Il est fait appel à lui lorsque les parents du mineur (titulaires de l'autorité parentale) ou les personnes responsables de lui (par exemple, son tuteur) ne peuvent pas l'assister.

L'adulte approprié est choisi par le mineur ou désigné par un juge spécialisé lorsqu'il estime nécessaire de protéger l'enfant ou le bon déroulement de l'enquête.

Il doit être accepté par les responsables de l'enquête pour recevoir les informations destinées au mineur, l'accompagner aux auditions et aux audiences.

L'adulte approprié doit être désigné dans les cas suivants :

  • La présence des personnes responsables du mineur n'est pas possible, parce qu'elles sont restées injoignables malgré les efforts déployés des enquêteurs ou parce que leur identité est inconnues
  • La présence des personnes responsables du mineur risque de nuire à l'intérêt de l'enfant
  • Elle risque de compromettre de manière significative la procédure pénale

La personne désignée doit être acceptée en tant que telle par les responsables de l'enquête.

  • Le mineur a le droit de choisir lui-même une personne de son entourage.

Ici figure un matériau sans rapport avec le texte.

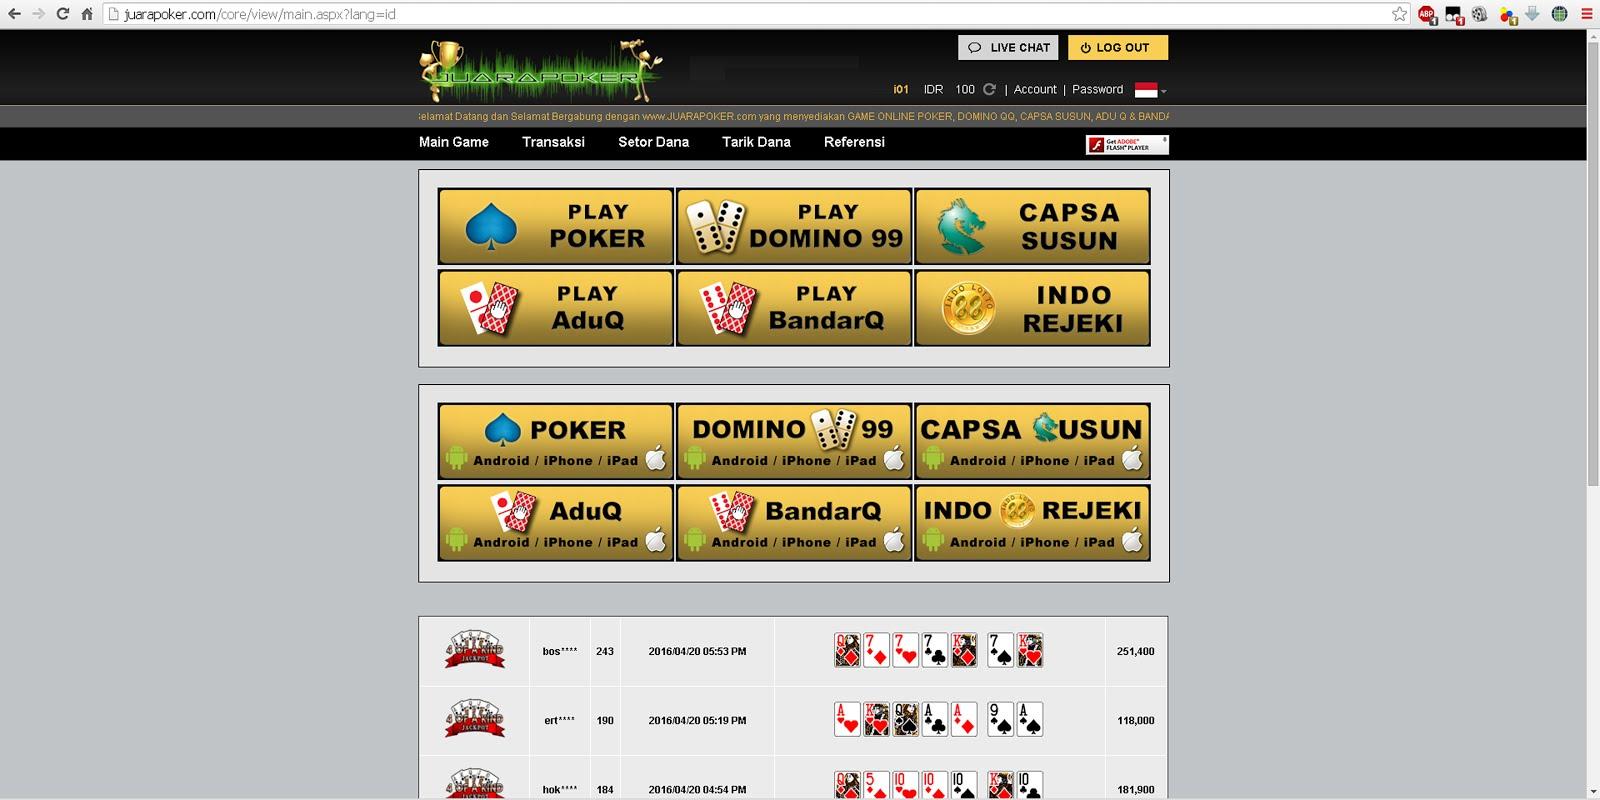 Juara Poker Uang Asli Rupiah Langkah Langkah Pendaftaran Cara Bermain Juara Poker

    Si l'adulte désigné par le mineur est acceptée par les enquêteurs, elle assure les missions de l'adulte approprié.

  • Il peut arriver que le mineur ne désigne aucune personne ou que son choix n'ait pas été approuvé par les enquêteurs.

    Dans ces cas, un magistrat (procureur de la République, juge des enfants ou juge d'instruction) désigne l'adulte approprié en prenant en compte l'intérêt de l'enfant. 

    L'adulte approprié peut également être un représentant d'une autorité ou d'une institution compétente en matière de protection de l'enfance.

L'adulte approprié a pour mission de recevoir les informations destinées au mineur et de l'accompagner au cours de la procédure.

 Attention :

l'adulte approprié ne dispose pas de l'ensemble des droits reconnus aux parents. Par exemple, il peut demander un examen médical, mais il ne peut pas demander l'assistance d'un avocat en particulier.

Recevoir les informations

L'adulte approprié a le droit de recevoir les mêmes informations que celles qui doivent être communiquées au mineur au cours de la procédure (convocation, transmission de procès-verbal d'audition etc.).

Accompagner le mineur aux auditions

L'adulte approprié peut accompagner le mineur lors de ses auditions ou interrogatoires.

Les auditions ou interrogatoires peuvent débuter sans lui si, au delà d'un délai de 2 heures (à compter du moment où il a été avisé), l'adulte désigné ne s'est pas présenté.

L'adulte approprié peut demander un examen médical du mineur gardé à vue. S'il n'a pas pu être joint, dès le début de la garde à vue, l'examen médical du mineur est automatique et obligatoire.

Accompagner le mineur aux audiences

L'adulte approprié a le droit d'accompagner le mineur à chaque audience au cours de la procédure.

Si les conditions qui ont entraîné la désignation de l'adulte approprié ne sont plus réunies, les personnes responsables du mineur (parent, tuteur,...) doivent retrouver leur droit d'accompagner l'enfant dans la procédure.